The patient was hospitalized with a diagnosis of acute pancreatitis. He was conservatively managed (nothing by mouth, aggressive intravenous hydration, and pain control). Serological tests for Epstein-Barr virus, cytomegalovirus, and herpes simplex virus 1 and 2 were negative. Serum tests for hepatitis (A, B, and C) were negative. HIV enzyme-linked immunosorbent assay (ELISA) was negative twice. T-cell studies revealed low absolute CD4 lymphocyte count of 141.3 cells/microliter (18.6%), and inversion of the CD4/CD8 ratio of 0.40. Because of the presence of HIV risk factors, serum HIV-RNA levels were measured and found to be greater than 6.0 log10 copies/ml.

The patient was diagnosed with a primary HIV-1 infection. On day 10 of hospitalization, the patient was discharged home. Laboratory values at discharge revealed serum amylase of 484 U/L and serum lipase of 2376 U/L (peak lipase was 3179 U/L on the sixth hospital day). Ten days after being discharged, antiretroviral therapy with Atripla (combination of Efavirenz, Emtricitabine, and Tenofovir) was initiated. At a six-week (post discharge) follow-up evaluation, the pancreatitis resolved with normalization of the pancreatic enzyme levels and a fall in the HIV-1 RNA levels to 2.76 log10 copies/ml.

Discussion

The most common presentation of acute HIV infection, although no clinical symptoms have sufficient sensitivity or specificity, is “mononucleosis-like” illness with fever, lymphadenopathy, pharyngitis, rash, and headache. Gastrointestinal symptoms are mainly oral ulcers, nausea, vomiting, and diarrhea [1,10]. Pancreatitis is frequent in the course of pediatric HIV-infection but has never been reported as a presenting manifestation of acute HIV infection in children [11].

Primary HIV infection associated with acute pancreatitis has been only reported previously in seven cases in adults. The episodes of acute pancreatitis had resolved before antiretroviral therapy in five of these patients. A reason for deferring antiretroviral therapy was continued elevations in serum lipase [6-10]. To the best of our knowledge, this is the first reported case of primary HIV infection manifesting as acute pancreatitis in the pediatric age group. The acute pancreatitis in our patient also started resolving before antiretroviral therapy.
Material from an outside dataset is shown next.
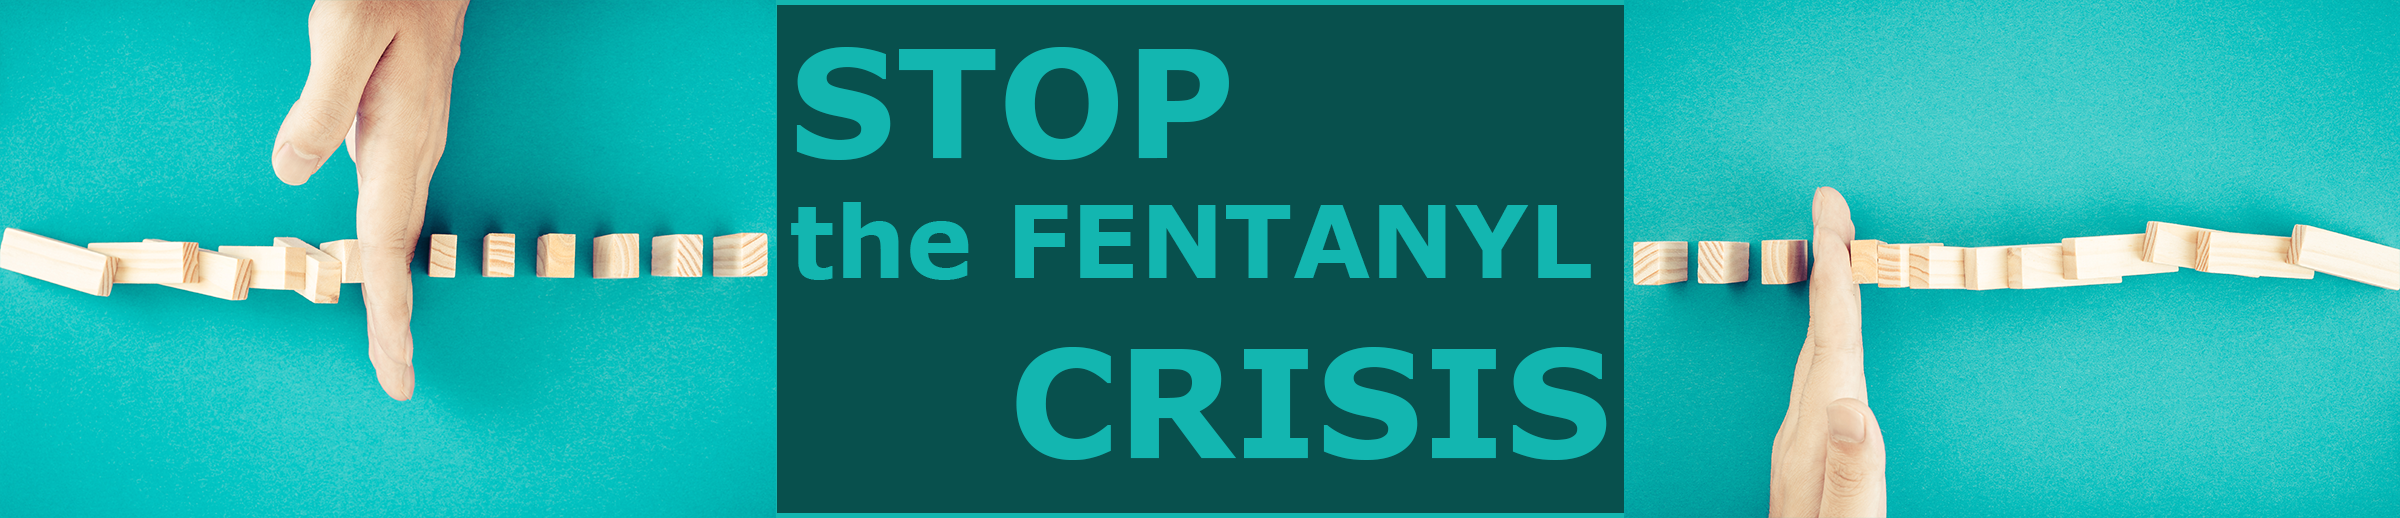 Fentanyl Crisis banner

The etiology of pancreatitis in the course of HIV infection is not always clearly defined but it may be multifactorial including infections and therapeutic drugs [11]. Our case report in addition to previous cases suggest that acute pancreatitis can be due to direct invasion of the pancreas by HIV.

Conclusions

There should be lower threshold for suspecting HIV infection in patients with acute pancreatitis, especially in the presence of mononucleosis-like illness or HIV risk factors. HIV infection can be missed in the context of acute pancreatitis because the later may resolve without antiretroviral therapy. The diagnosis of primary HIV infection can be made by positive virologic test (e.g. plasma HIV RNA) with a negative HIV antibody test.